Truth: I’m giving myself a break. Last week I came across a brutally honest post written by my blogger friend, Belinda. She opened up about doing and having it all. It really hit home with me.
I was inspired to leave this comment:
Hey Belinda. This post could have easily come from my brain. It’s so honest. I agree that blogging is becoming somewhat of a competitive sport. I’m constantly comparing myself and my blog to others and that’s not doing me any good.
Like you, I’m a stay at home mom of three. My baby doesn’t sleep through the night. I’m soooo sleep deprived. I have no other family help the majority of the time. My husband works late nearly every evening and travels away from home a lot too. I do what I can. When I’m feeling especially good about a blog post, more than likely my house and kids haven’t gotten my attention for a good chunk of the day. When my house is clean and running well and the kids are happy and I’ve been involved with them all day, there’s no way I’m getting to a blog post. There’s a trade off every day. At the end of every day, I’m constantly thinking about the things I didn’t get to. Like you said, it’s exhausting.
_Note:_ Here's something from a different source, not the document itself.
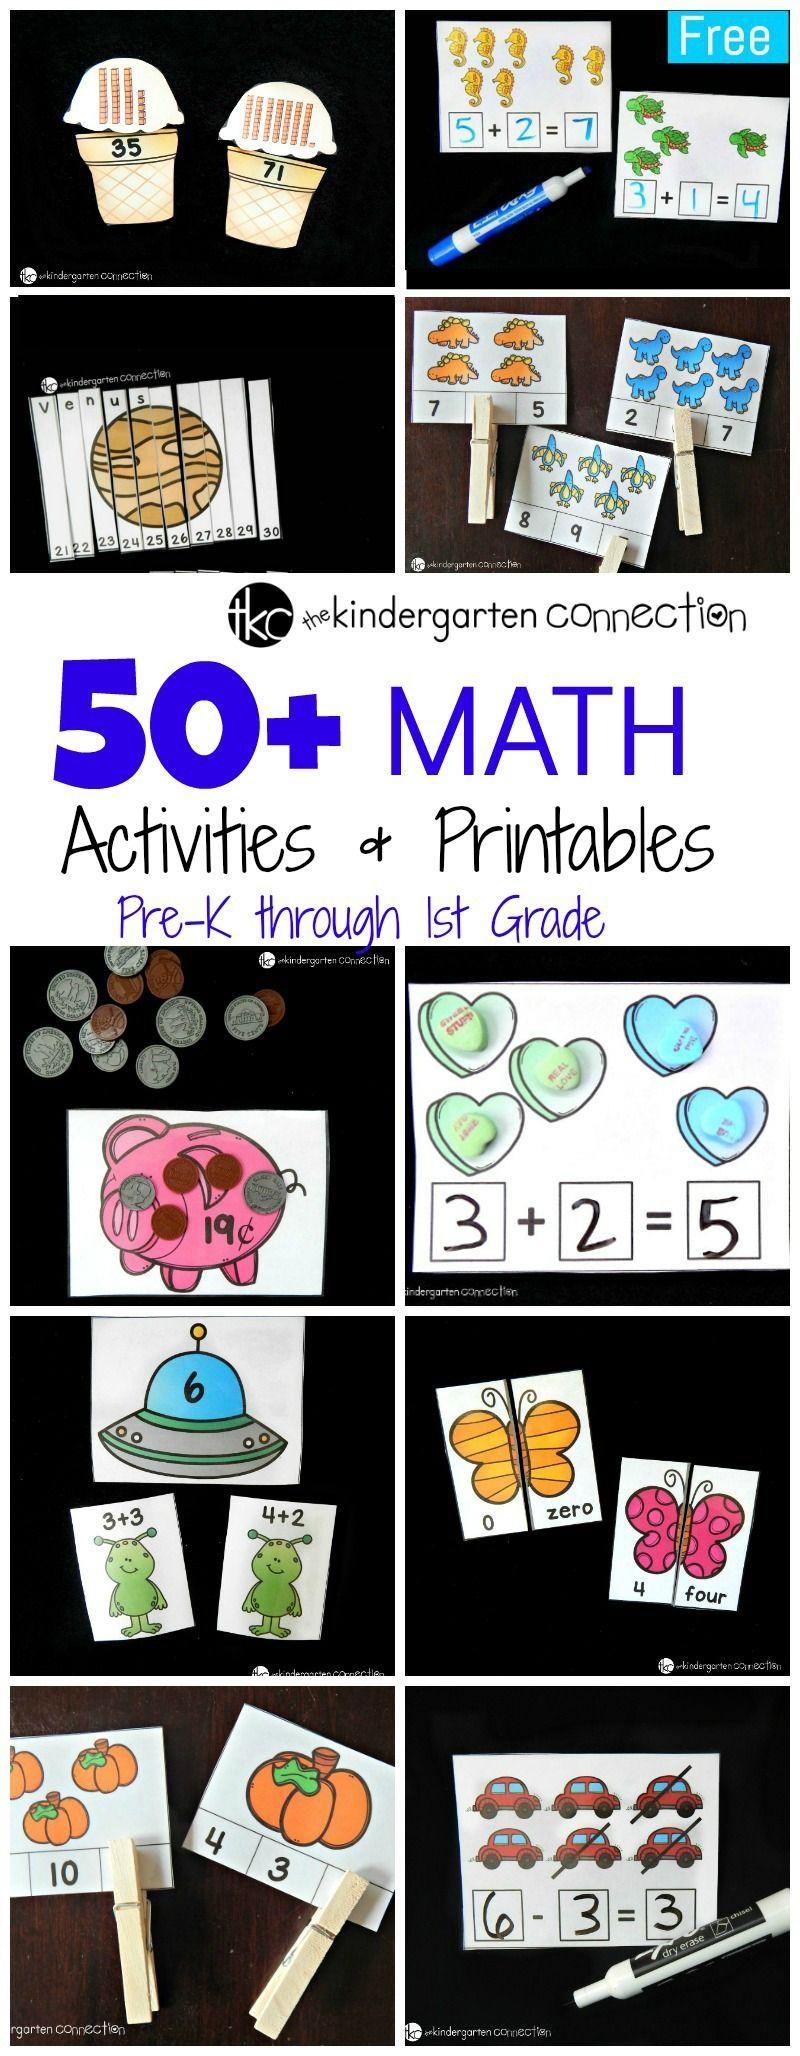 50 Incredible Math Printables And Activities The Kindergarten Connection Math Activities Preschool Math For Kids Math Printables [ 2056 x 800 Pixel ]
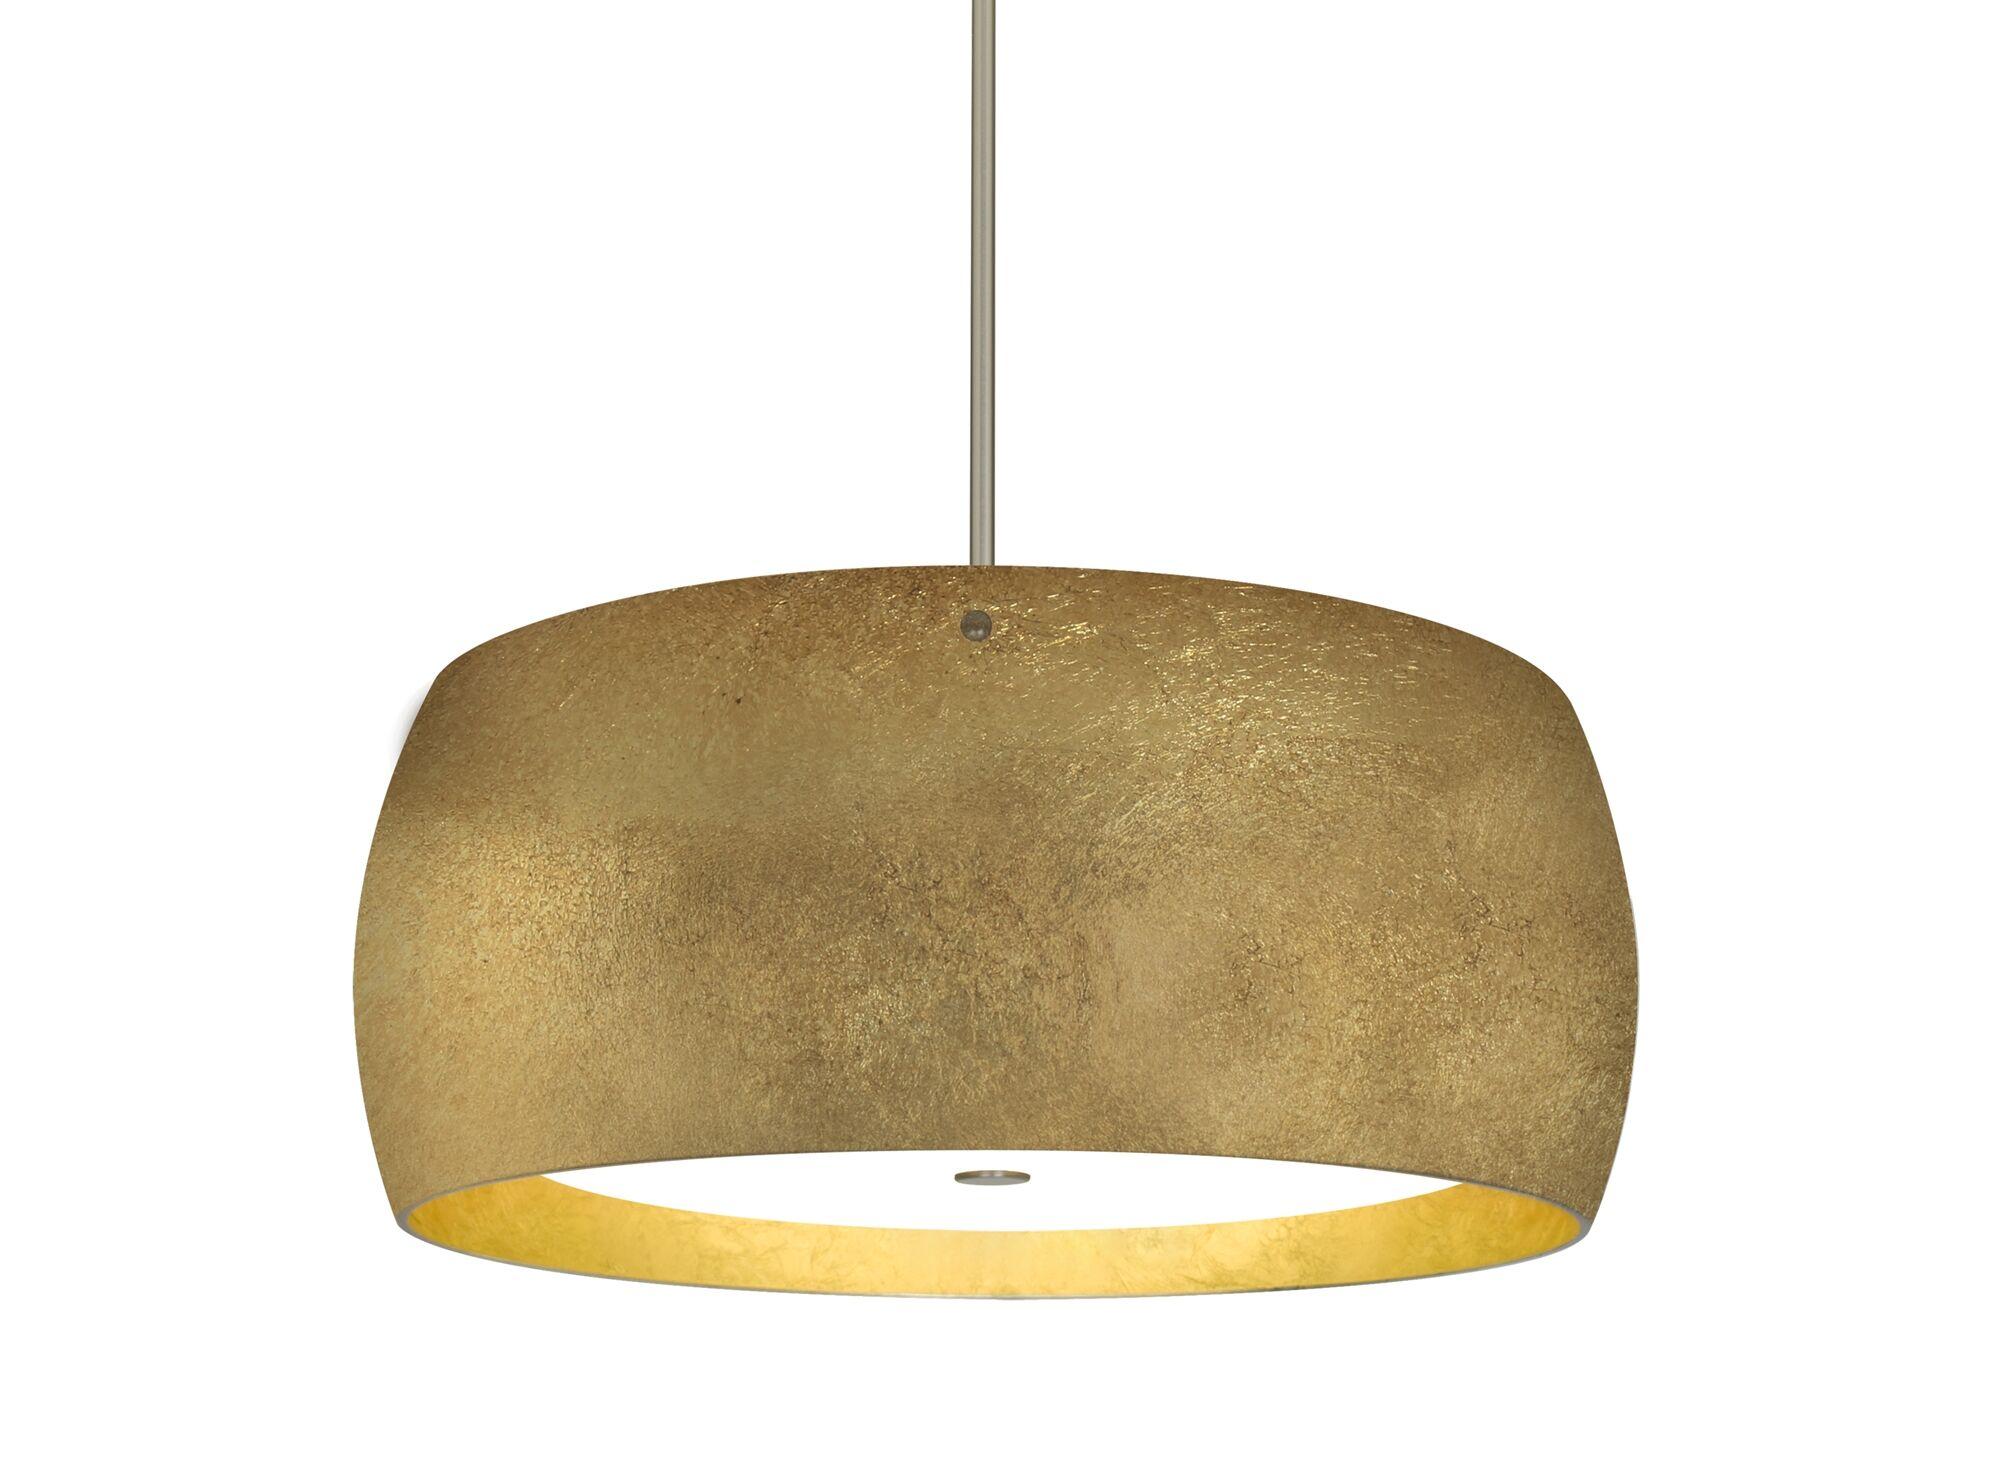 Speidel 3-Light Pendant Base Finish: Satin Nickel, Shade Color: Gold

I think I really need to lighten up on myself. I never started blogging to be famous or make money, so I don’t know why I feel the need to strive for either now. House*Tweaking began as a creative outlet for me and somehow it’s become work. Sure, I’d love to cover at least the costs of running the blog and share my ideas but, in the end, if it’s affecting my family life in a negative way then something’s not right. I’m still trying to figure out where I go from here. I applaud you for regrouping and refreshing. Kudos, girl.
I think we need to remind ourselves that ‘famous’ bloggers have spouses, babysitters and nannies or other family members to help out with their kids. Or their kids are older and sleep through the night and are at school during the day. OR they don’t have kids. Some even have professional photographers to document their days. I’ll bet a few even have housekeepers. {gasp!} And no matter where you live, there are only 24 hours in a day, so being online most of the day means taking away time from something else: sleep, exercise, family time, leisure time, etc. I’d rather be well-rounded than be seen on FB or Twitter all day. I was just thinking today that I kind of miss the days before social media.
I say keep doing what makes you happy. You will draw the audience you want that way. I love your kid parties, corners of your home and DIY decorating. I think posting one really beefy post a week is way better than posting several fluffy posts every day.
You’ve inspired me to re-evaluate my own blog!
xo from across the globe,
Dana
I don’t want H*T to feel like work. After all, that’s why I started it! The problem is I’m a yes girl. It’s really difficult for me to say no. Before kids – heck, even with two kids – it wasn’t unusual for me to have a lot on my plate and still get it all taken care of. I’m a busy-body. I don’t need a ton of sleep to function. I’m good at managing my time. BUT with three kids in the mix {one of which has yet to sleep through the night. ahem, Mabrey.} and a HH who works long hours and is traveling a bunch for business, I have to start saying no. I am only one person. I cannot do it all. So why waste my time trying?
Recently, I’ve gotten caught up in an awful ‘yes’ cycle. I say yes to so many people/events/things that by the time I’ve fulfilled my obligations, there’s no time left for the stuff I enjoy. Like decorating, DIYing and tweaking. And I wonder why I can’t make any good progress on my house!
So I’m taking a step back and heeding my own advice. Quality over quantity, people. I think my kids, my HH, my blog and my self will all be better for it.
I’m not even going to pick up any of that.